Was beim Bandscheibenvorfall im Körper passiert
Zwischen jedem Wirbelkörper sitzt eine Bandscheibe — ein Puffer aus einem faserigen Außenring und einem gelartigen Kern. Beim Bandscheibenvorfall, medizinisch Diskusprolaps oder Intervertebral Disc Disease (IVDD), gibt dieser Puffer nach: Der Kern tritt aus und drückt auf das Rückenmark oder die Nervenwurzeln.[4]
Bei Hunden unterscheidet man zwei Haupttypen. Der Hansen-Typ-1 trifft vor allem junge bis mittelalte Hunde chondrodystrophischer Rassen: Die Bandscheibe verkalkt frühzeitig, der Kern verliert seine Elastizität und kann plötzlich — manchmal nach einem einzigen Sprung — explosionsartig austreten. Das erklärt, warum ein Dackel morgens noch normal läuft und abends nicht mehr aufstehen kann. Der Hansen-Typ-2 betrifft eher ältere, großwüchsige Hunde: Hier wölbt sich der Außenring langsam vor, die Symptome entwickeln sich über Wochen bis Monate.[4]
Der Ort des Vorfalls bestimmt, welche Körperregion betroffen ist. Vorfälle im Bereich der Brustwirbelsäule und Lendenwirbelsäule (thorakolumbal) führen zu Problemen in den Hinterbeinen. Vorfälle an der Halswirbelsäule (HWS) können alle vier Gliedmaßen betreffen und gehen oft mit starken Nackenschmerzen einher.
Welche Rassen besonders gefährdet sind — und warum
Das erhöhte Risiko bestimmter Rassen ist kein Zufall, sondern Genetik. Ein Retrogen namens FGF4 auf Chromosom 12 des Hundes ist verantwortlich für die kurzbeinige Körperform chondrodystrophischer Rassen — und gleichzeitig für die frühzeitige Degeneration der Bandscheiben. Hunde mit diesem Retrogen haben ein 51-fach erhöhtes IVDD-Risiko gegenüber Hunden ohne diese Genvariante.[1]

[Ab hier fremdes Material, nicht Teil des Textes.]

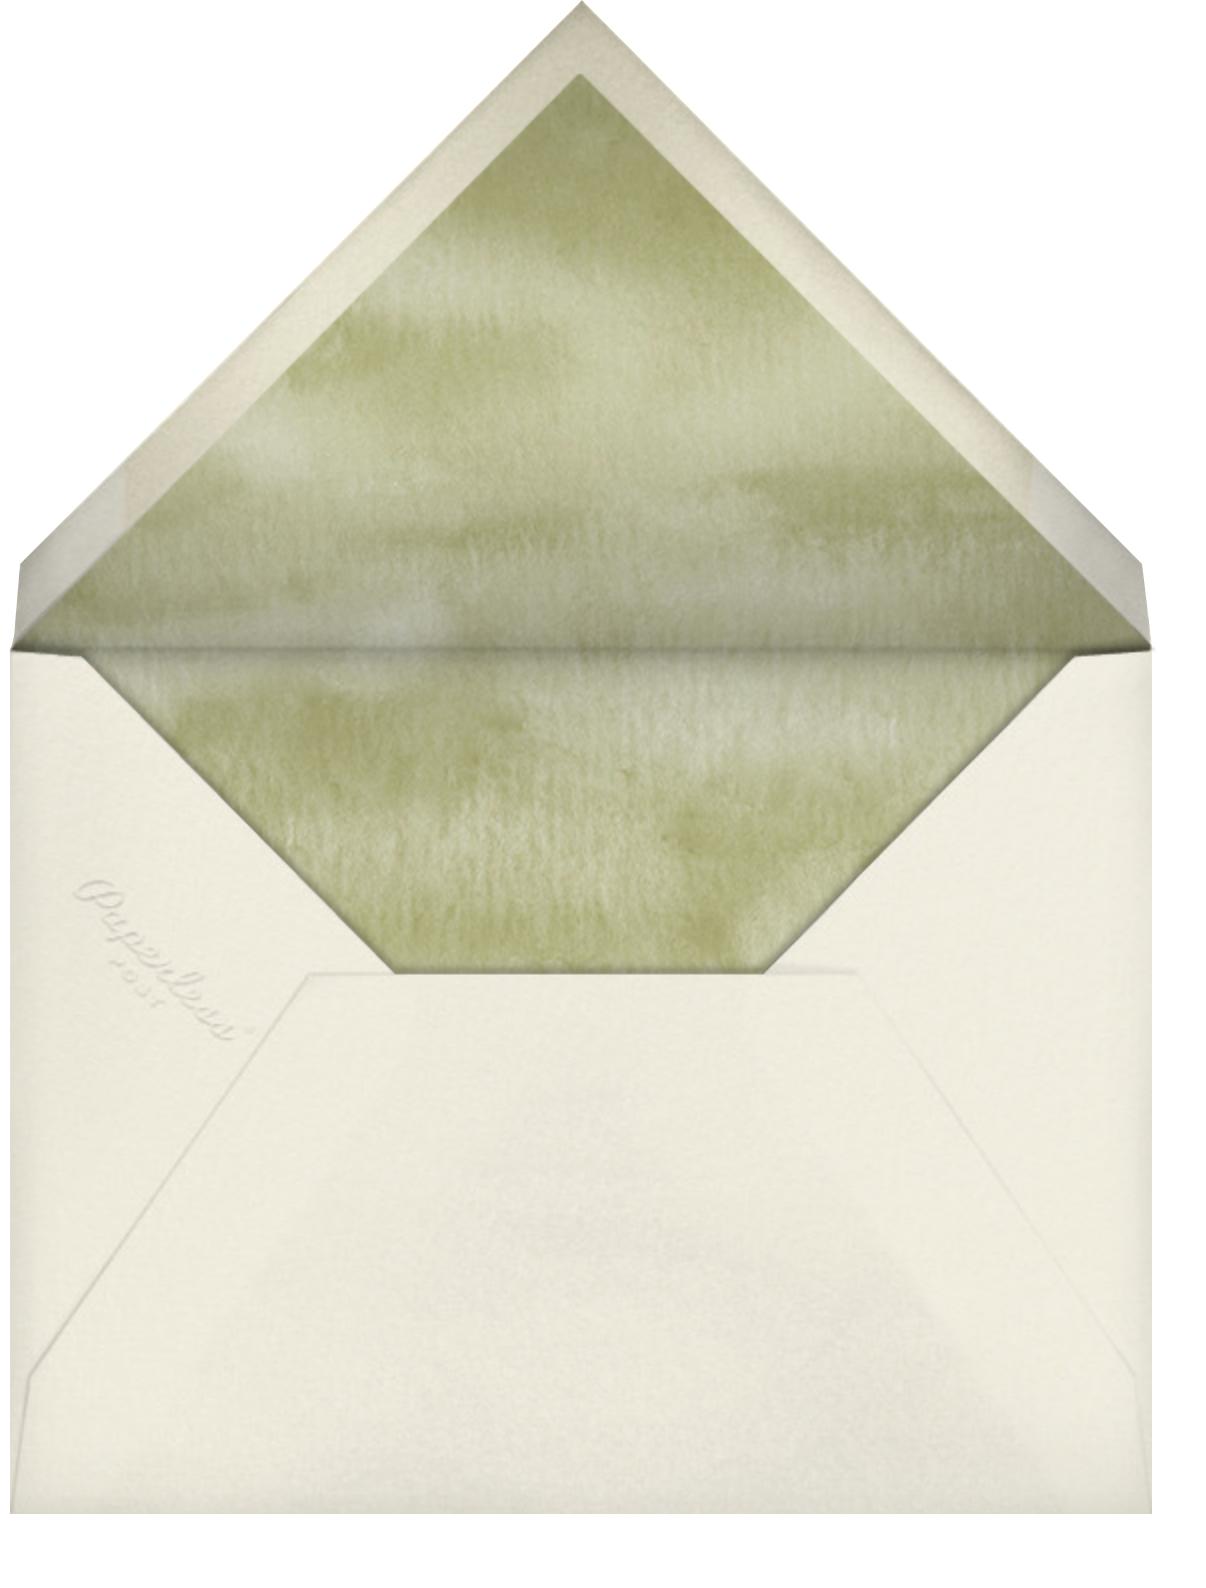 Onesie Delivery - Photo - Felix Doolittle - Birth - envelope back
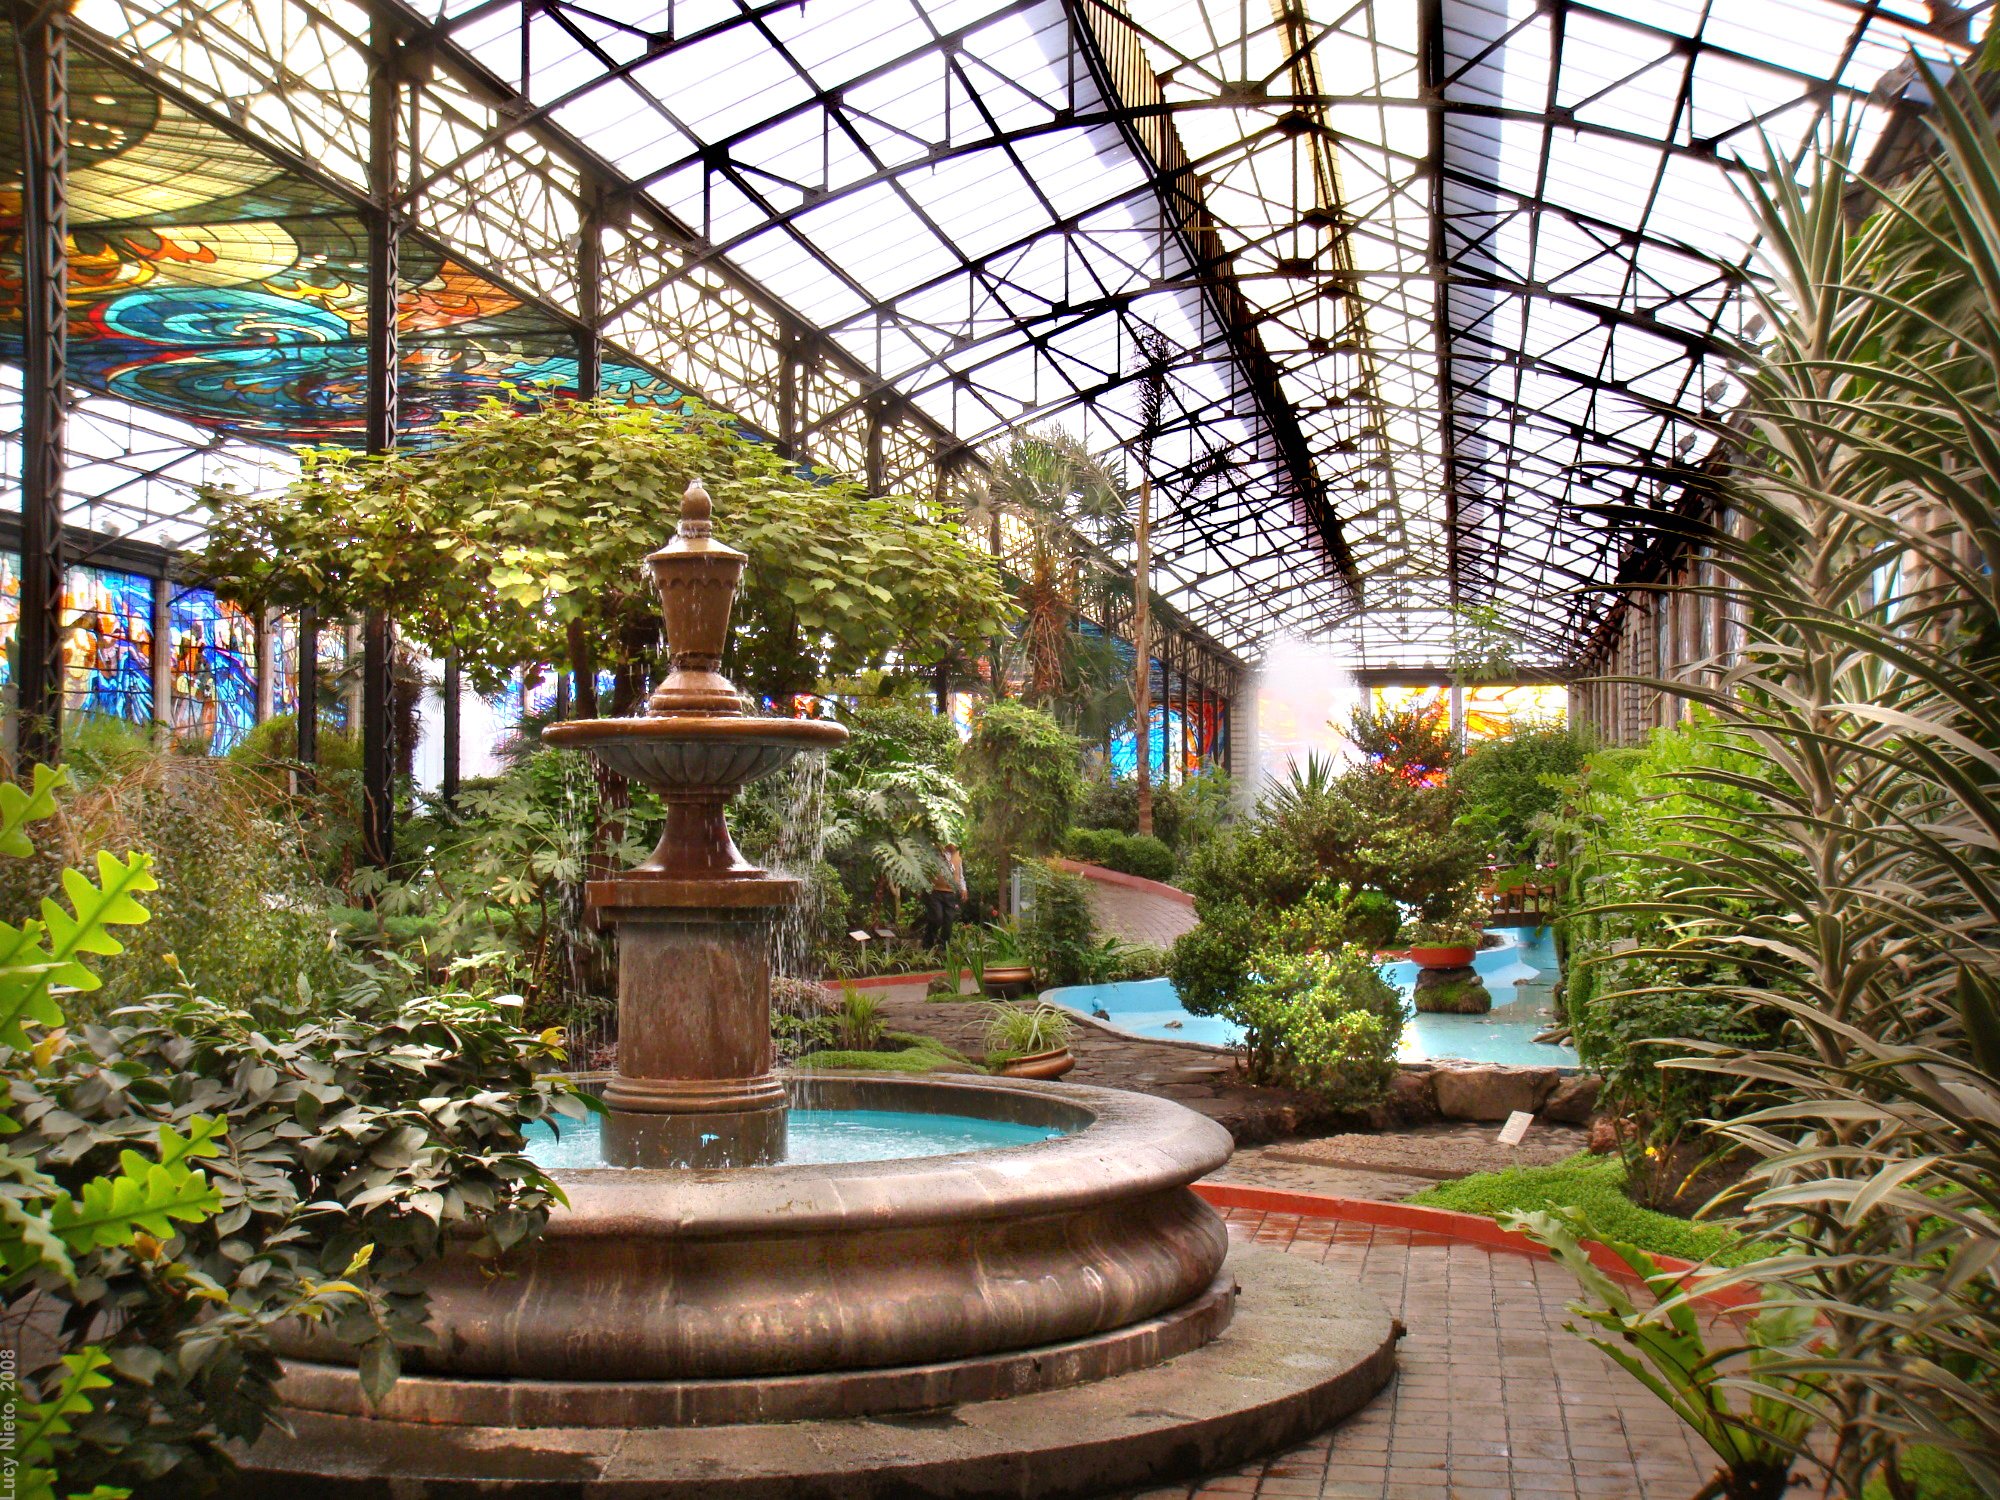 Cosmovitral jard n bot nico vista geneal toluca m xi for Botanico jardin

| Rasse | Lifetime-Prävalenz / Risiko | Typ |
|---|---|---|
| Dackel (Standard Rauhaar) | bis zu 24,4 % Lebenszeitprävalenz | Hansen Typ 1 |
| Dackel (alle Varianten) | 15,3–15,7 % | Hansen Typ 1 |
| Französische Bulldogge | 21-fach erhöhtes Risiko (OR 21,1) | Hansen Typ 1 |
| Beagle | erhöhtes Risiko | Hansen Typ 1 |
| Pekinese | erhöhtes Risiko | Hansen Typ 1 |
| Cocker Spaniel | erhöhtes Risiko | Hansen Typ 1 |
| Labrador / Großrassen | eher ältere Hunde betroffen | Hansen Typ 2 |
Beim Dackel kommt hinzu: Kastrierte Hündinnen haben ein 1,81-fach höheres IVDD-Risiko als intakte Hündinnen. Frühe Kastration vor dem 12. Lebensmonat erhöht das Risiko bei Hündinnen sogar um den Faktor 2,12.[10] Das ist ein Aspekt, den du mit deinem Tierarzt besprechen solltest, bevor du einen jungen Dackel kastrieren lässt.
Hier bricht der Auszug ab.